*** Opening RECORDS TO PROCESS ***

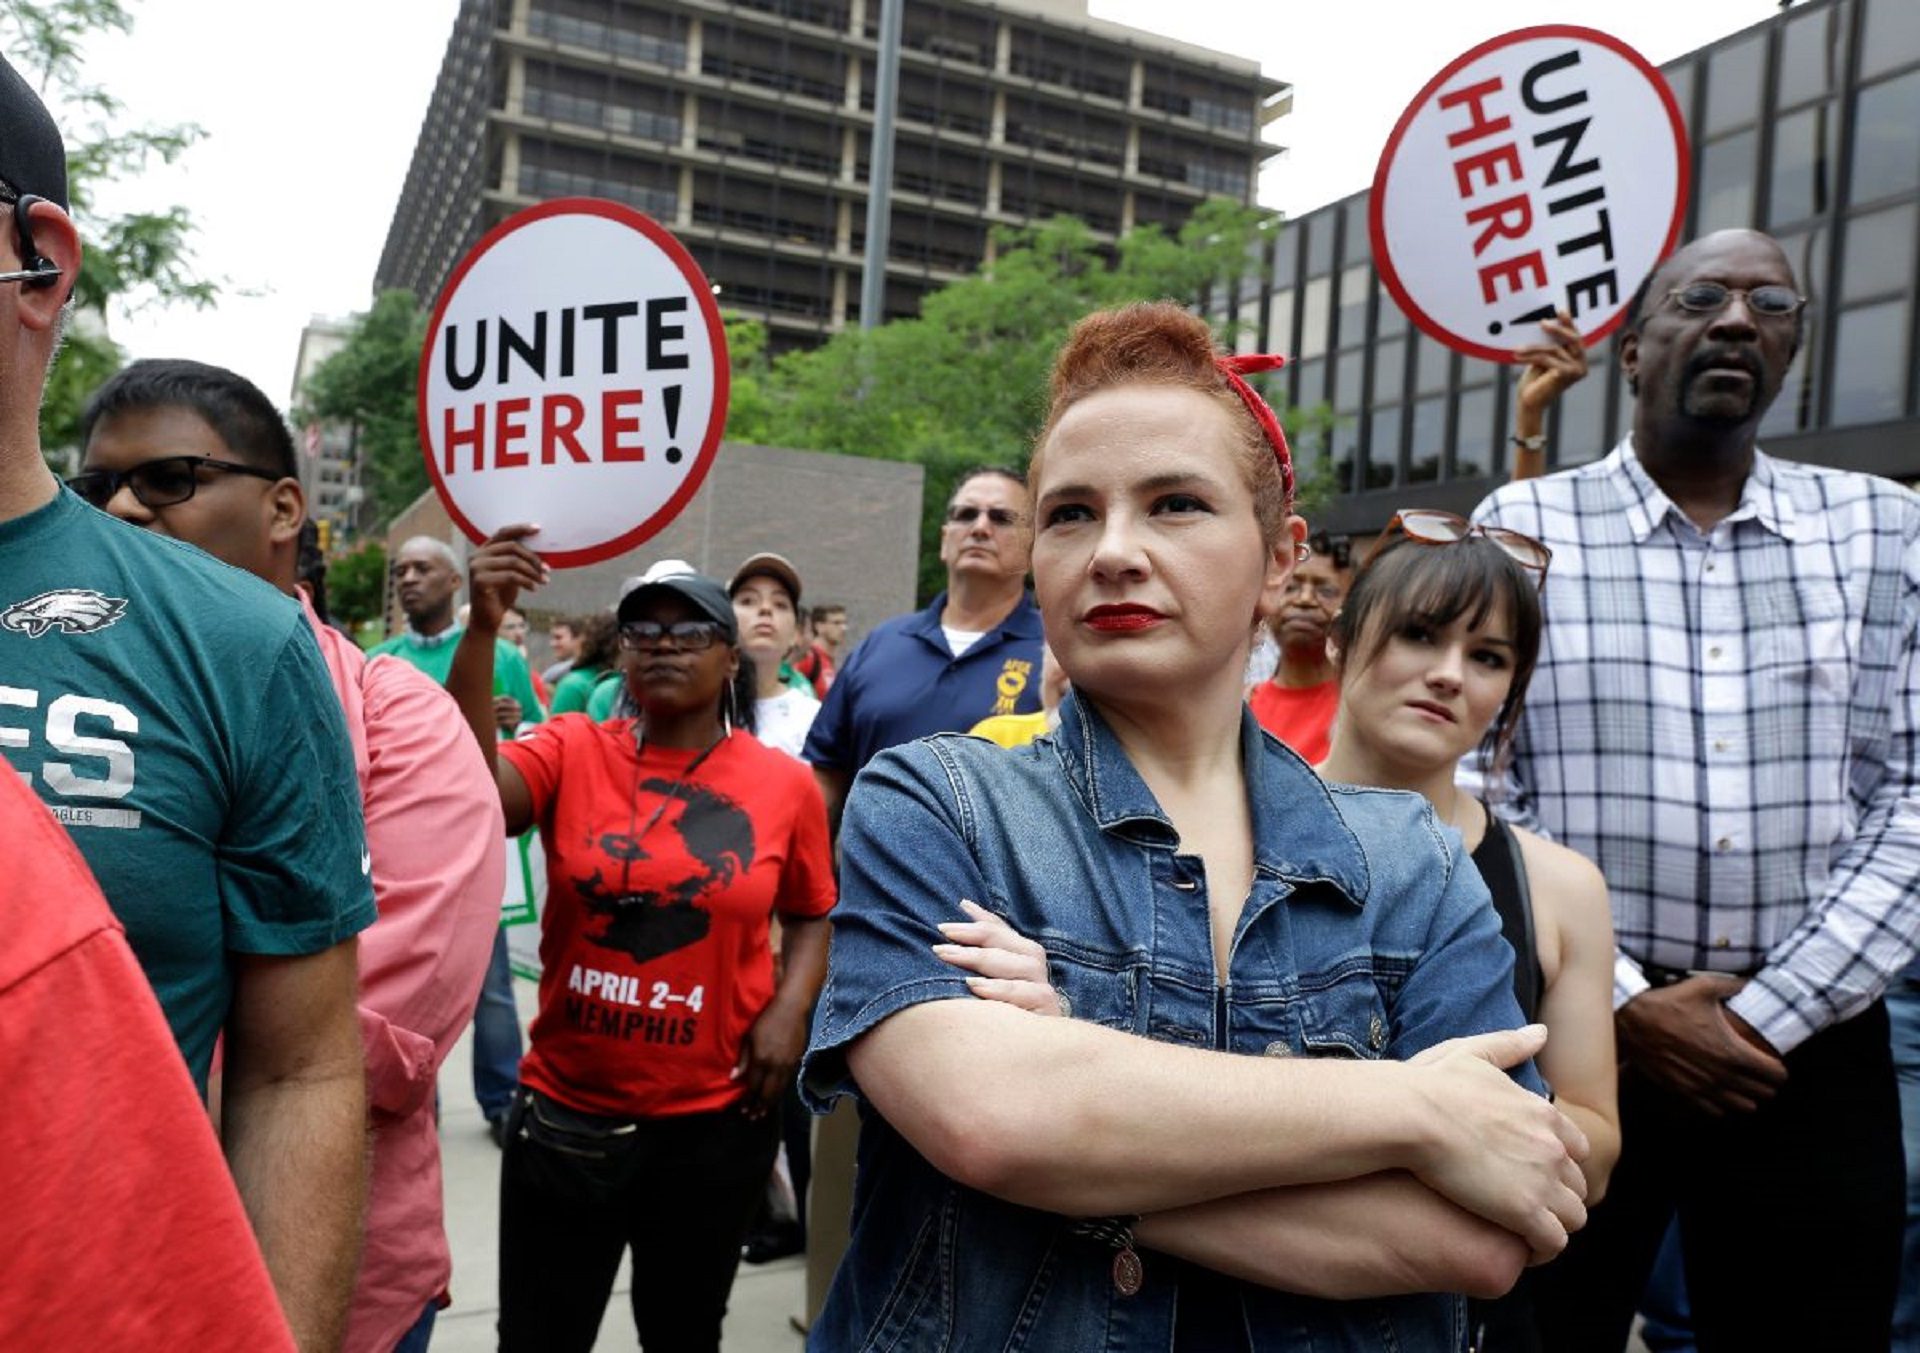 In this June 27, 2018, file photo, Amanda Hammock, center, a Delaware County, Pa. Democratic Party activist, is dressed as Rosie the Riveter during a protest organized by the Philadelphia Council AFL-CIO. The protesters denounced a U.S. Supreme Court ruling that government workers can't be forced to contribute to labor unions that represent them in collective bargaining.
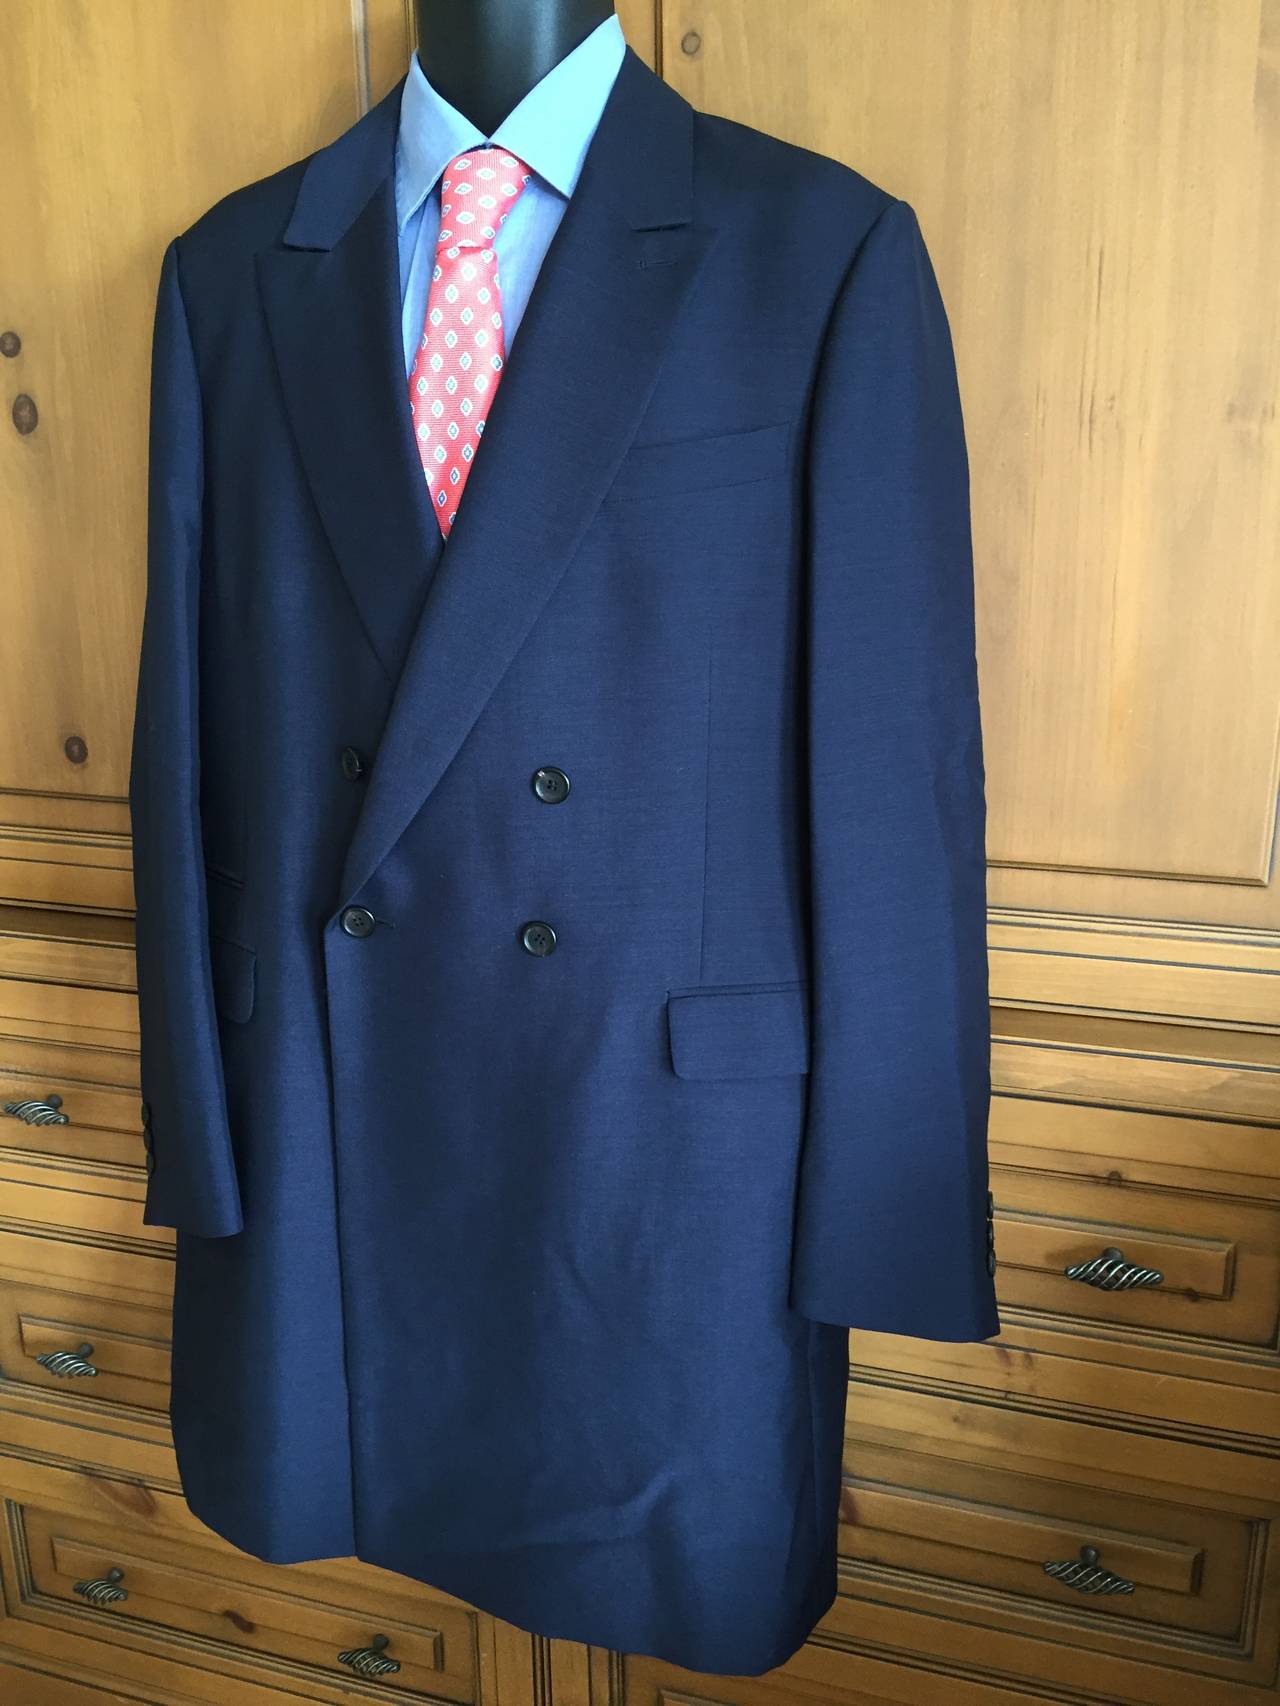 Prada Elegant Mens Mohair Coat.
US size 48.
Very lightweight mohair 60%, wool blend 40%.
Unlined, this is the perfect three season dress coat.
Measurements ;
Chest 49

*** Closing RECORDS TO PROCESS ***

→ **WHAT TO PRODUCE**
Reproduce word for word the lines from the one containing "Prada Elegant Mens Mohair Coat." through the end of the data, both ends kept. Drop the pictures.

→ **ANSWER BOX**
 Prada Elegant Mens Mohair Coat.
US size 48.
Very lightweight mohair 60%, wool blend 40%.
Unlined, this is the perfect three season dress coat.
Measurements ;
Chest 49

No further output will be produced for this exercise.